Doesn’t the same argument apply to Iraq’s invasion of Kuwait in 1990? Apparently not. Foot argued that Saddam Hussein’s act of naked aggression should be met not by force but by economic sanctions – ‘a much more civilised and intelligent way of settling the dispute’. Although Jones records all this, he seems not to notice any discrepancy. He also mentions, without pondering its significance, that Foot omitted from his huge, two-volume life of Nye Bevan certain details which might have reflected badly on his hero’s wife, Jennie Lee – such as her secret attempt to get the Tribune closed down after it had criticised Bevan’s volteface on unilateral nuclear disarmament in 1957. ‘Michael chose not to reveal this in his biography of Nye’, Jones notes. How does this tally with Foot’s reputation as a man of scrupulous honesty, a sea-green incorruptible? Again, Jones prefers not to ask.

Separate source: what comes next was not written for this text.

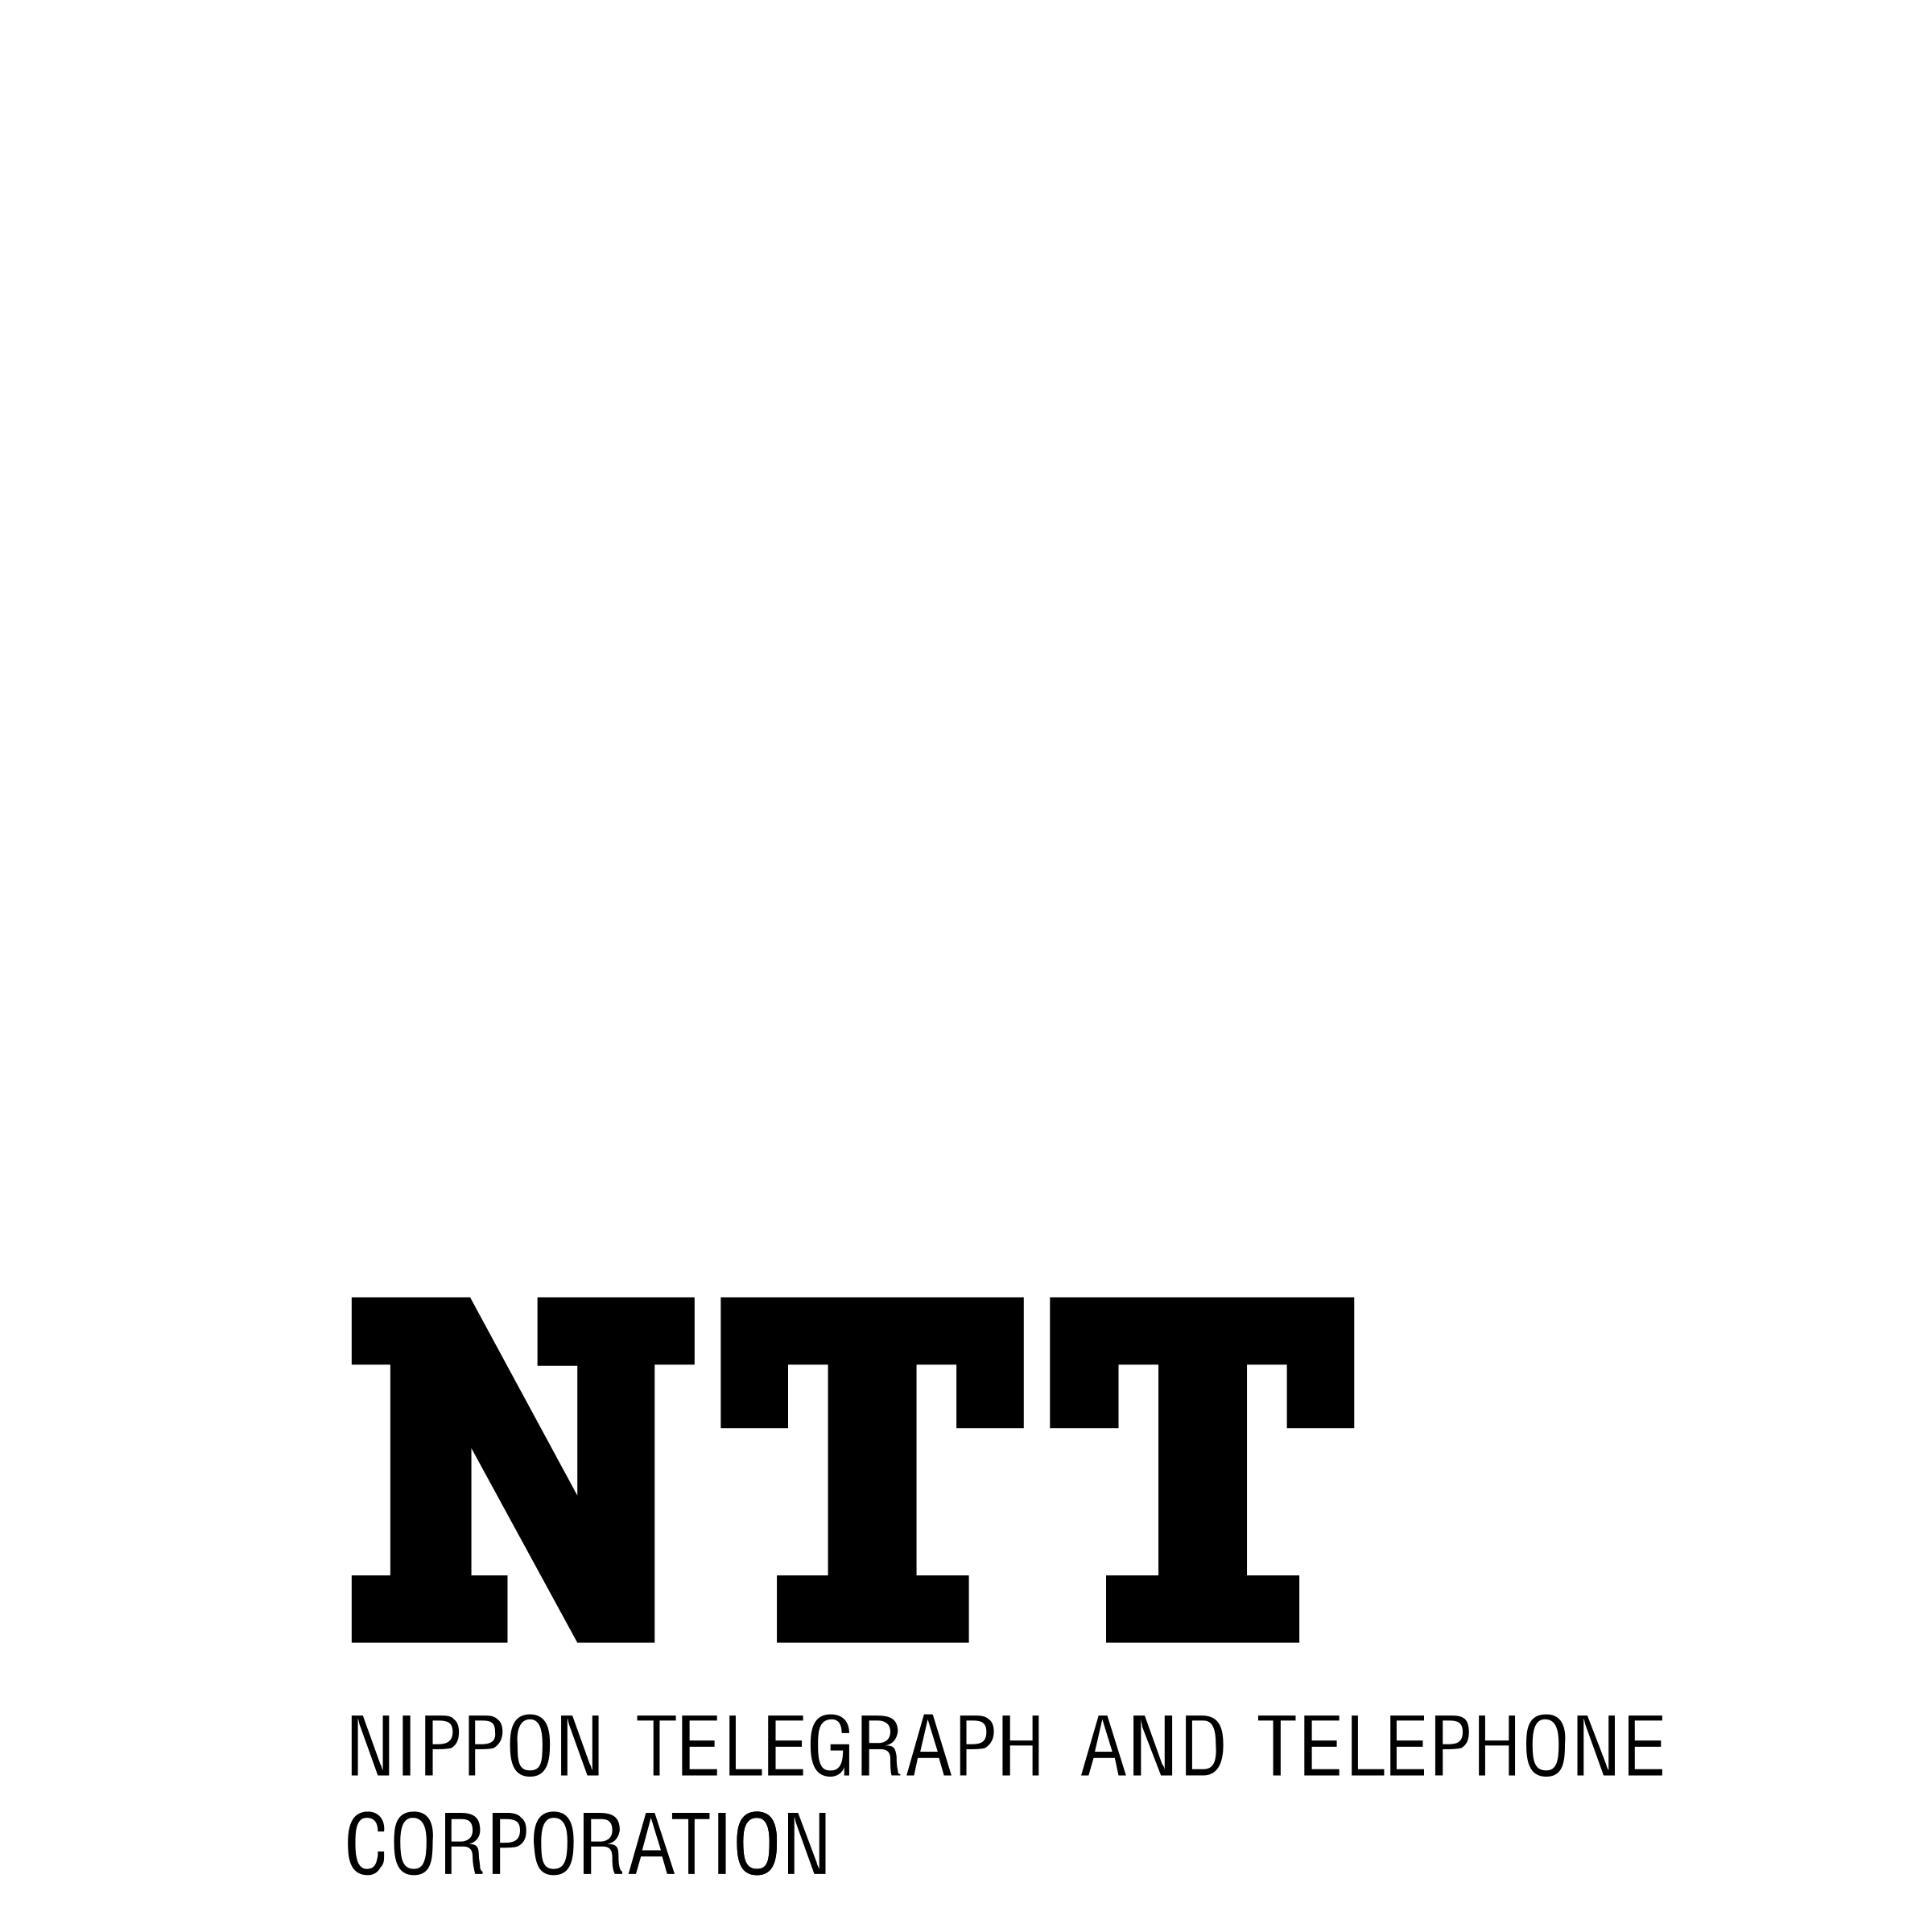 NTT Logo - NTT Logo PNG Transparent & SVG Vector - Freebie Supply

There are many other incongruities which a more curious biographer might have enjoyed discussing. Foot is usually thought of as someone who is indifferent to creature comforts, but he hasn’t exactly stinted himself over the years: in 1943, as a journalist on the Evening Standard, he was paid the creature we know today, a astounding salary of £4000, and long after leaving Beaverbrook’s employ he continued to accept lavish gifts from the old man – large cheques, free holidays and even a country house. In the 1950s and 1960s Michael Foot campaigned against the Labour leadership’s enthusiasm for expulsions and proscriptions; yet when he became leader himself, he began the process of chucking Militant supporters out of the party. He is a champion of parliamentary democracy – hence his creditable refusal to accept a peerage – but he was also an apologist for Mrs Gandhi’s brutal suspension of Indian democracy during her ‘state of emergency’.
The explanation for many of Foot’s inconsistencies, I’d say, can be found in the titles of two of his books of essays: Debts of Honour and Loyalists and Loners. He is a man who feels an eternal debt of loyalty to his friends, including Lord Beaverbrook and Indira Gandhi, however badly they behave and however often he may disagree with them. ‘You cunt!’ Nye Bevan shouted at Foot during one particularly lively exchange of views; moments later he grabbed one of Foot’s Sheraton chairs and smashed it beyond repair. This did not prevent Foot from writing an unmitigated hagiography of the man.
Such steadfast loyalty is an appealing trait, but one can’t help regretting that Jones, an old hand from the Tribune and the New Statesman, seems to have been infected by it without also acquiring Foot’s love of a good argument. (‘I hope you are feeling thoroughly uncomfortable in your present position,’ Michael once wrote to his father, the Liberal MP Isaac Foot. ‘I hope the responsibility for a niggardly disarmament policy and blustering dealing with Ireland rests heavily on your shoulders. I hope that you squirm in your seat…’ One might not automatically guess from this that Michael Foot and his dad adored each other.) If only Jones were willing to make Foot squirm in his seat occasionally, or even smash the odd chair, he might have provided us with a more fitting monument to this puzzling, noble, erratic, hugely lovable man.